Five of the Best Gluten Free Pumpkin Recipes

Did you know that this year 8 million pumpkins will be thrown away after Halloween? According to research 60% of people don't know what to do with the squash after they've carved it (or the insides) and so will just pop it in the bin.

This made us so sad, SO we thought we'd share our favourite pumpkin recipe ideas from over the years.  

Toasted Pumpkin Seeds

To toast your pumpkin seeds:

  1. Scoop out the seeds from the pulp into a bowl
  2. Wash to get rid of any excess pulp and pat dry
  3. Spread the seeds onto a baking tray (on baking paper) and sprinkle with a pinch of salt and olive oil. 
  4. Bake for 10-15 minutes at 180c, turning regularly to ensure an even golden brown finish
  5. Leave to cool and serve as you wish!
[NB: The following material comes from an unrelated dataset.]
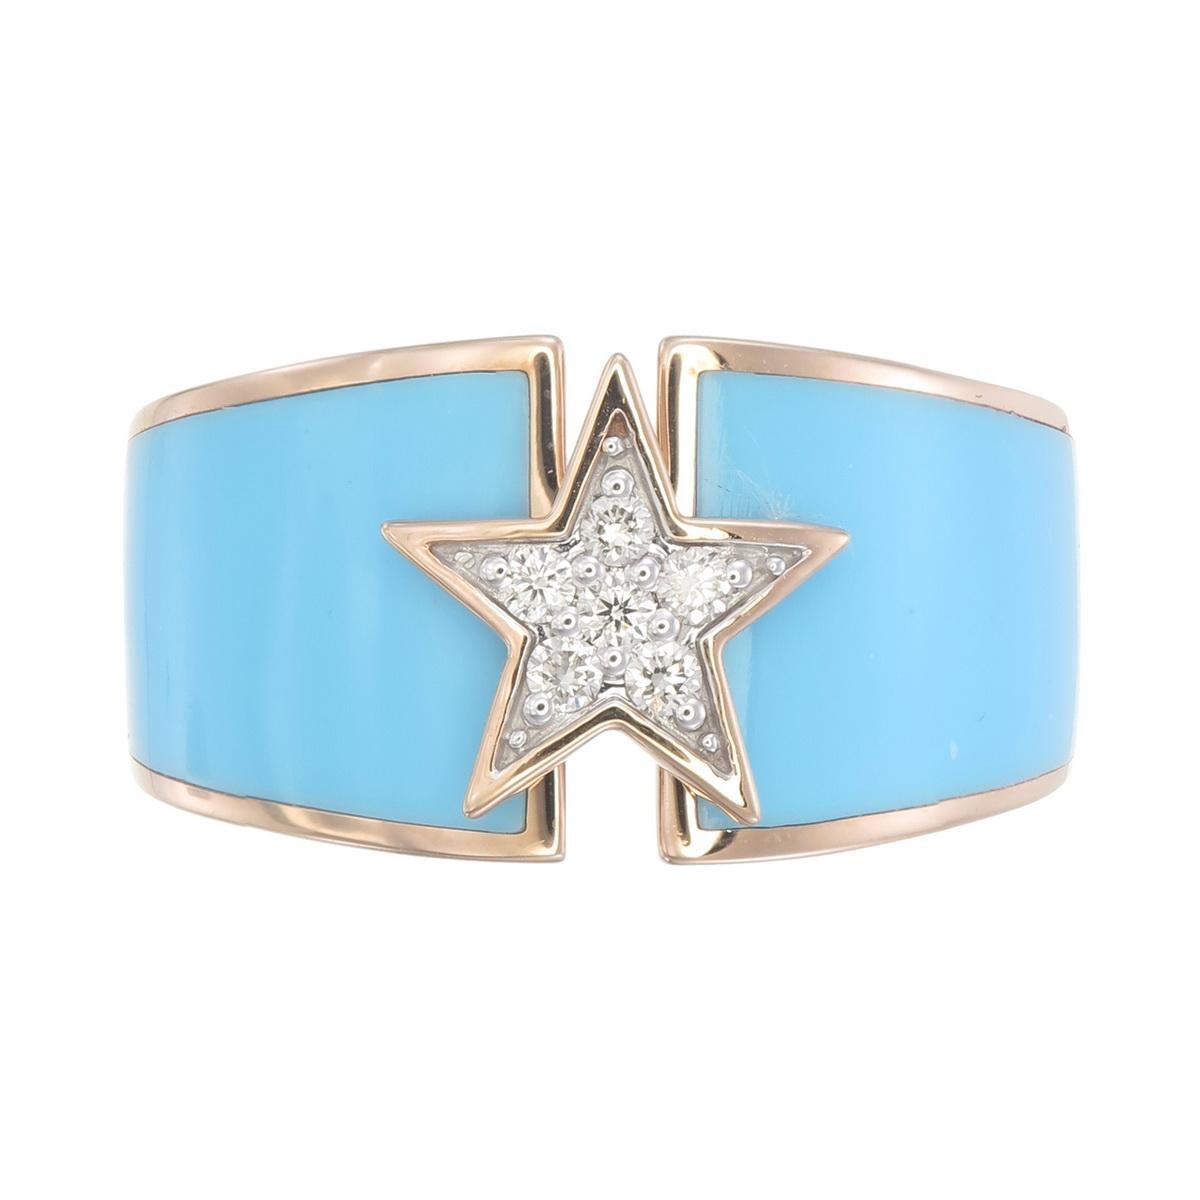 Ring made in 18kt gold with natural diamonds and Turquoise ceramic

3.61 GRAMS & 0.11 CARAT OF NATURAL DIAMONDS USED

We do this and add them to our Granola, however there are loads of things you can do with your seeds.  Check out this list of suggestions from Epicurious.  

Pumpkin Pie

We love a pumpkin pie, this recipe from BBC Good Food is super simple to follow and all you need to do to make it Gluten Free is swap their Sweet Shortcrust Pastry for ours! 

Pumpkin Soup

Forever a fan of using up vegetables that you won't get a chance to do anything fancy with by making a great soup.  You can freeze this and bring it out for last minute dinners over the winter months.

Stuffed Pumpkin

This can be a real showstopper at a dinner party or get together.  You can stuff a pumpkin with pretty much anything but this recipe is altogether delightful.  Stuffed with rice, pomegranate seeds, apple, fennel and pecans you'll impress all your guests with this one!

Pumpkin Hummus

Talking of entertaining, chips and dip are the number one go to party food right? Well, how about adding a seasonal twist to your dip by making it into a pumpkin hummus instead.